An exact transcription is needed of the lines below from the one with "Psylocke Fortnite.stl Download" through the one with "beautiful love island", with no other lines and no pictures.

Input material section start

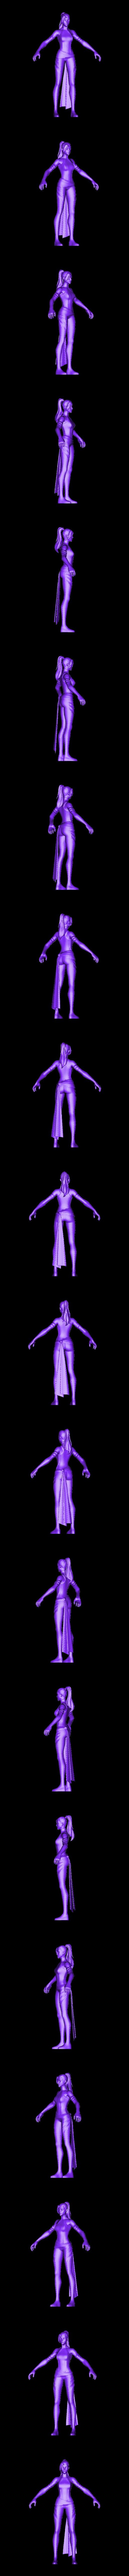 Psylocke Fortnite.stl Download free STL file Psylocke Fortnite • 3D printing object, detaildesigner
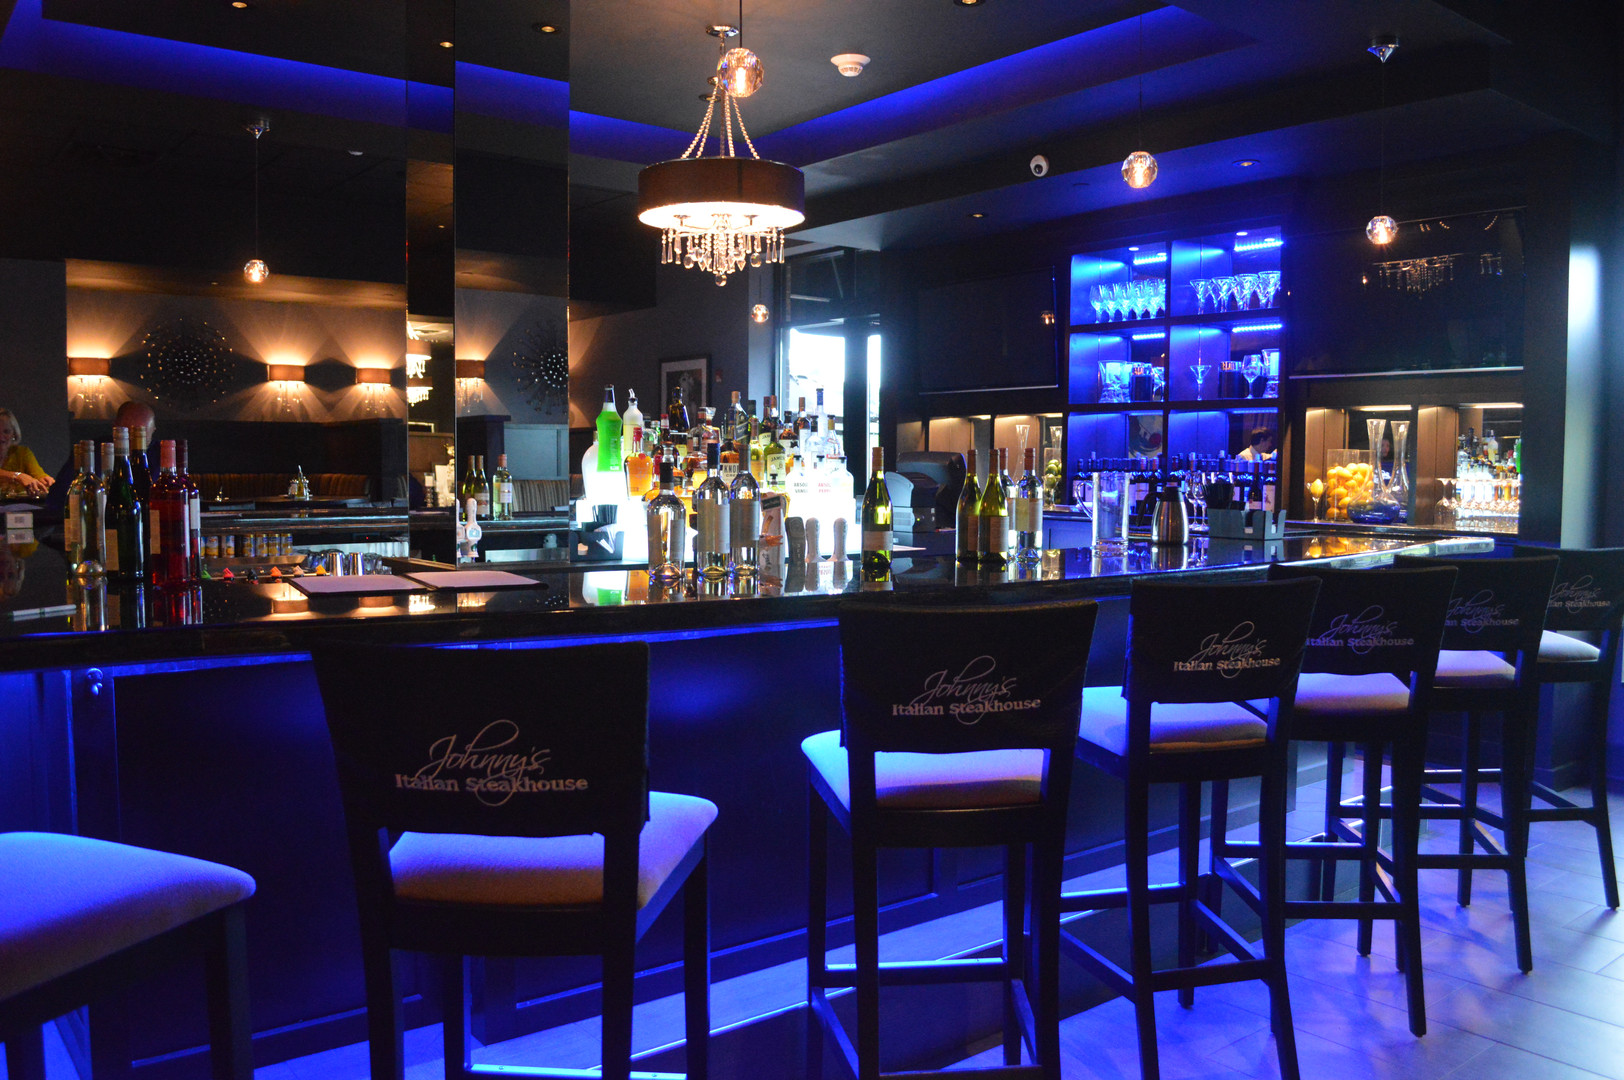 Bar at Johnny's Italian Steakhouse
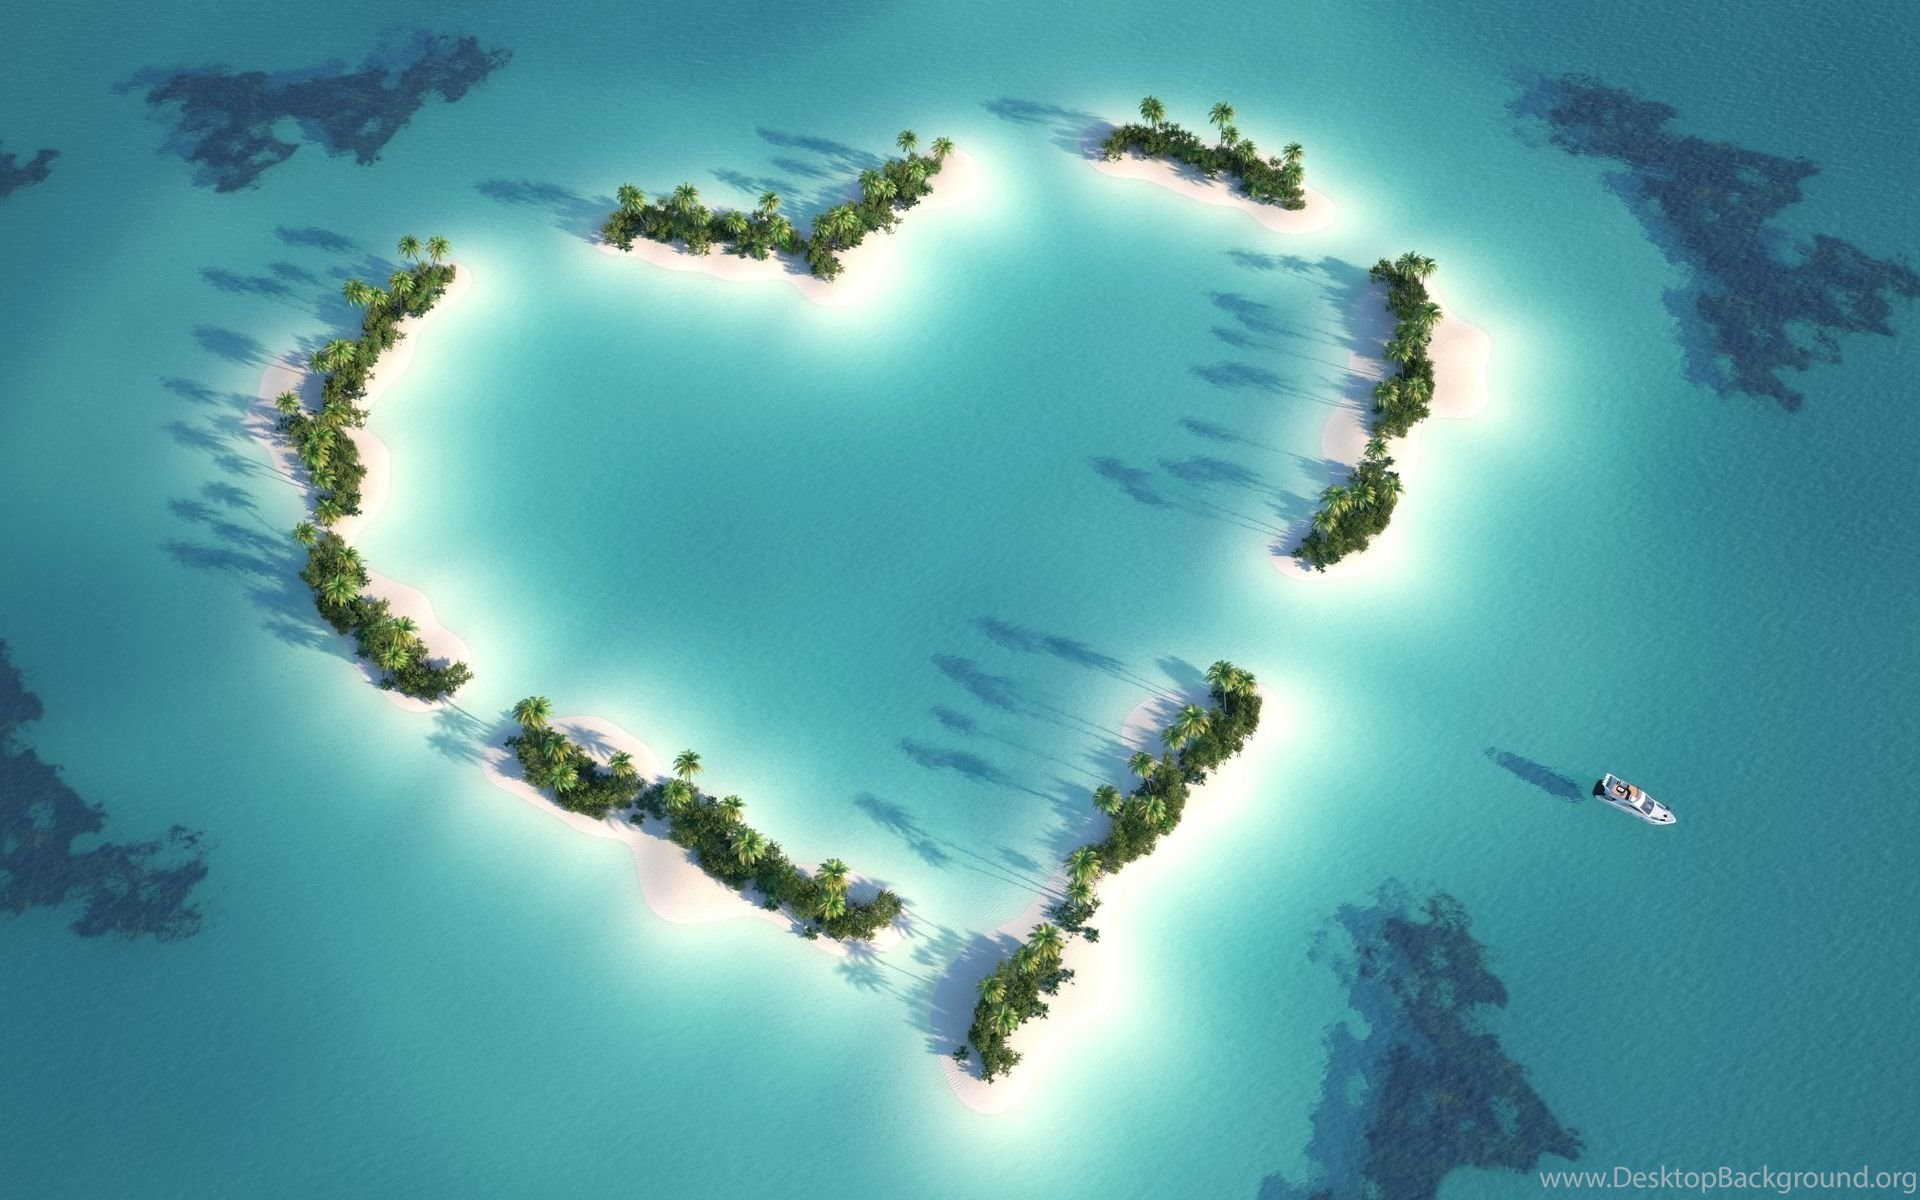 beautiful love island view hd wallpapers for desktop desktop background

Input material section end
Input material section start

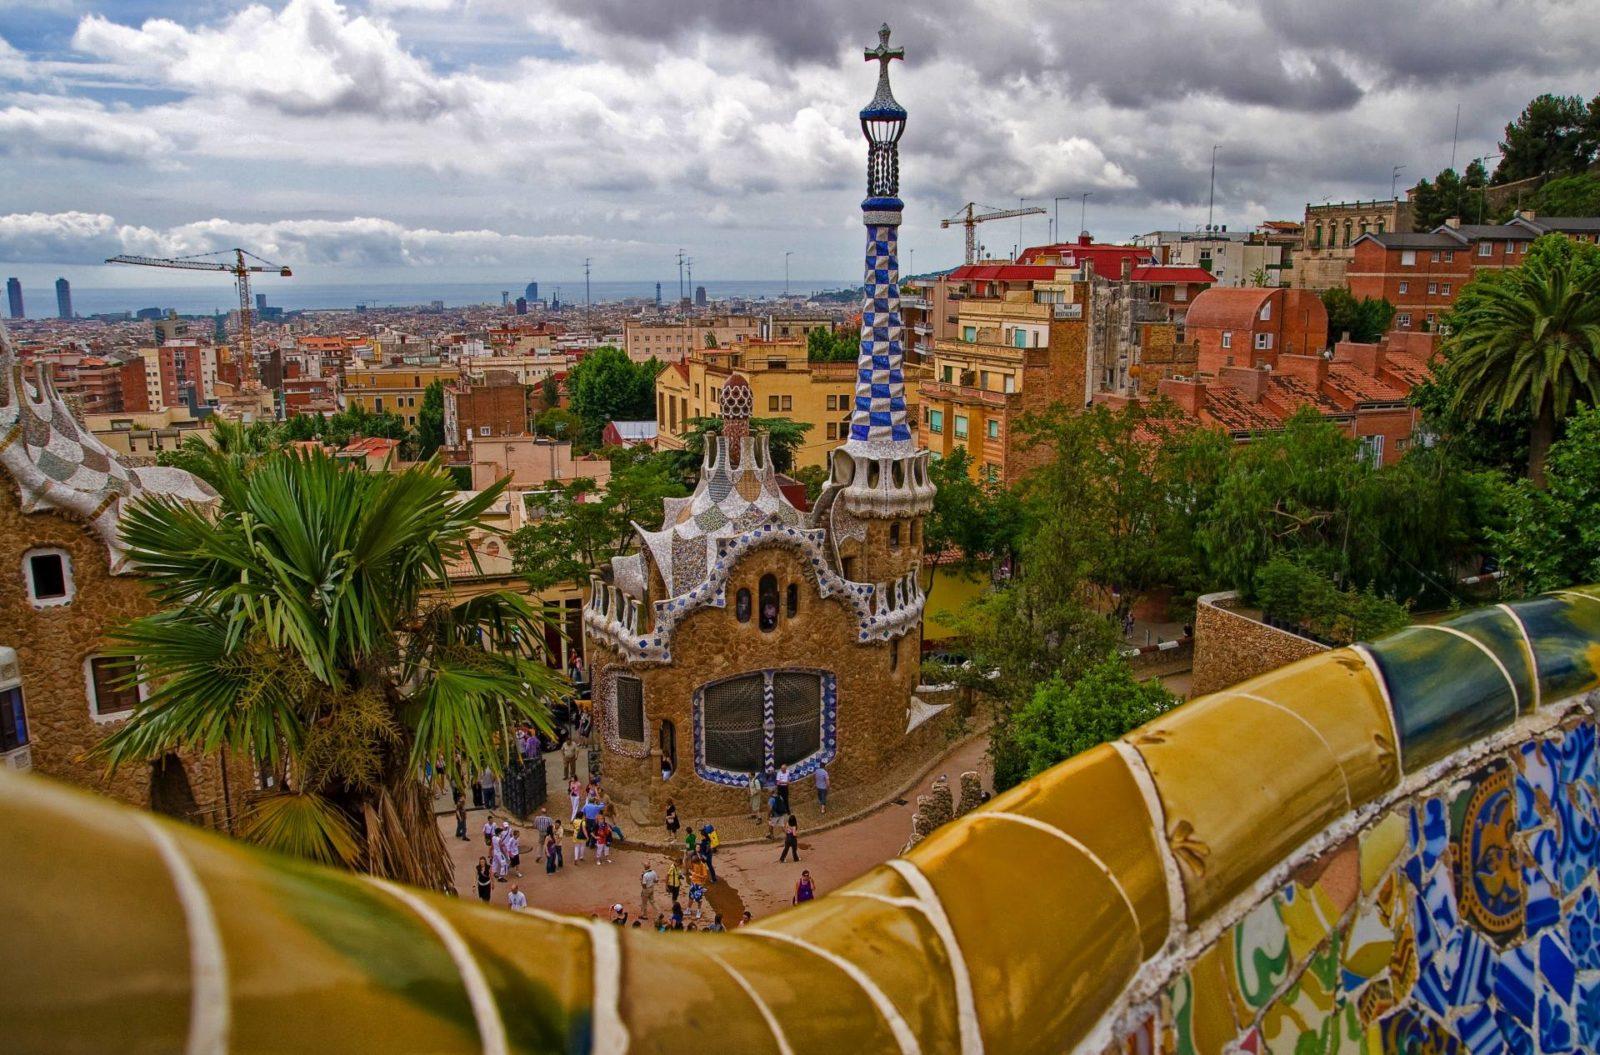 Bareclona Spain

Input material section end

■ Response to this exercise
 Psylocke Fortnite.stl Download free STL file Psylocke Fortnite • 3D printing object, detaildesigner
 Bar at Johnny's Italian Steakhouse
 beautiful love island view hd wallpapers for desktop desktop background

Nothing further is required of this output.